View this flow in the Globus web app. (You may need to log in first.)

Example Input
{
    "source_endpoint_id": "ddb59af0-6d04-11e5-ba46-22000b92c6ec",
    "source_path": "/~/source-directory",
    "destination_endpoint_id": "ddb59aef-6d04-11e5-ba46-22000b92c6ec",
    "destination_path": "/~/destination-directory",
    "transfer_label": "Transfer for Generic Move from Globus Tutorial Endpoint 2 to Globus Tutorial Endpoint 1",
    "delete_label": "Delete after Transfer for Generic Move from Globus Tutorial Endpoint 2 to Globus Tutorial Endpoint 1"
}

(Choose different source_path and destination_path as needed to run this example flow.)

“2 Stage Transfer” Flow

Flow ID: 79a4653f-f8da-43b6-a581-5d3b345ad575.

Transfer from source to destination with an intermediate endpoint in-between. Remove from intermediate after completion.

View this flow in the Globus web app.

Example Input
{
    "source_endpoint_id": "ddb59af0-6d04-11e5-ba46-22000b92c6ec",
    "source_path": "/~/source-directory",
    "intermediate_endpoint_id": "ddb59af0-6d04-11e5-ba46-22000b92c6ec",
    "intermediate_path": "/~/intermediate-directory-which-will-be-removed",
    "destination_endpoint_id": "ddb59aef-6d04-11e5-ba46-22000b92c6ec",
    "destination_path": "/~/destination-directory",
}

“Transfer Set Permissions” Flow

Flow ID: cdcd6d1a-b1c3-4e0b-8d4c-f205c16bf80c.

A Flow which performs a Transfer on a directory, gives a user READ permissions on the destination directory and notifies the user of their new data via email. The user running the Flow must have administration privileges over the destination endpoint.
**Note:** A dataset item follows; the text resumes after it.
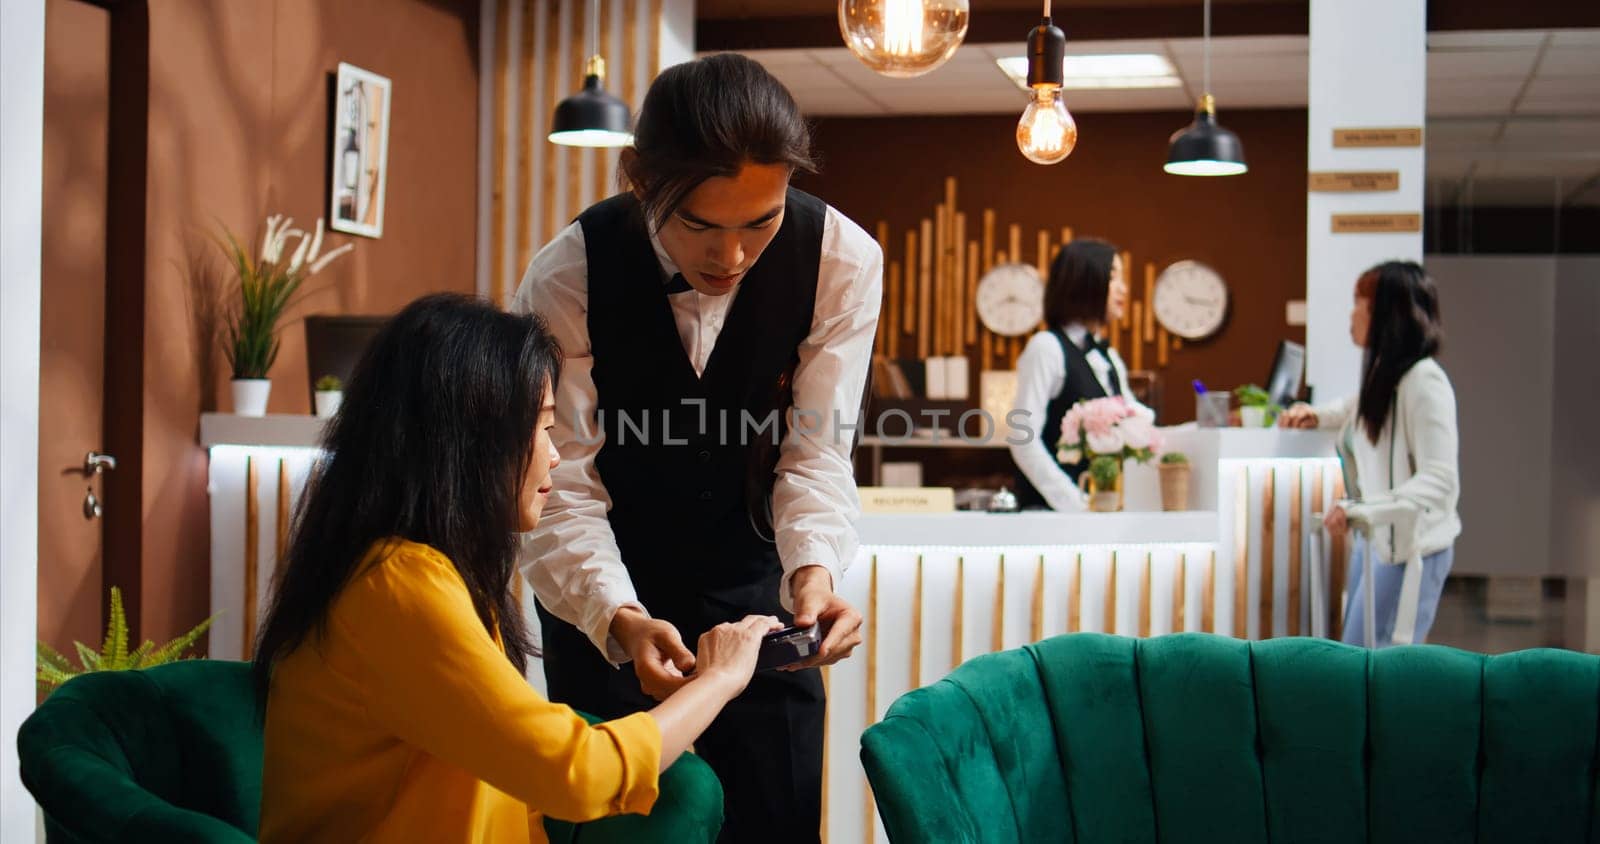 Hotel guest paying for drink and giving cash to worker by DCStudio

View this flow in the Globus web app.

Example Input
{
    "source_endpoint_id": "ddb59af0-6d04-11e5-ba46-22000b92c6ec",
    "source_path": "/share/godata",
    "destination_endpoint_id": "ddb59aef-6d04-11e5-ba46-22000b92c6ec",
    "destination_path": "/~/my-godata",
    "transfer_label": "Transfer for Transfer Set Permissions Flow",
    "user_id": "06a24bef-940e-418a-97bc-48229c64cc99",
    "user_email": "uriel@globus.org"
}

(Of course, adjust user_email as necessary if you want to test this flow.)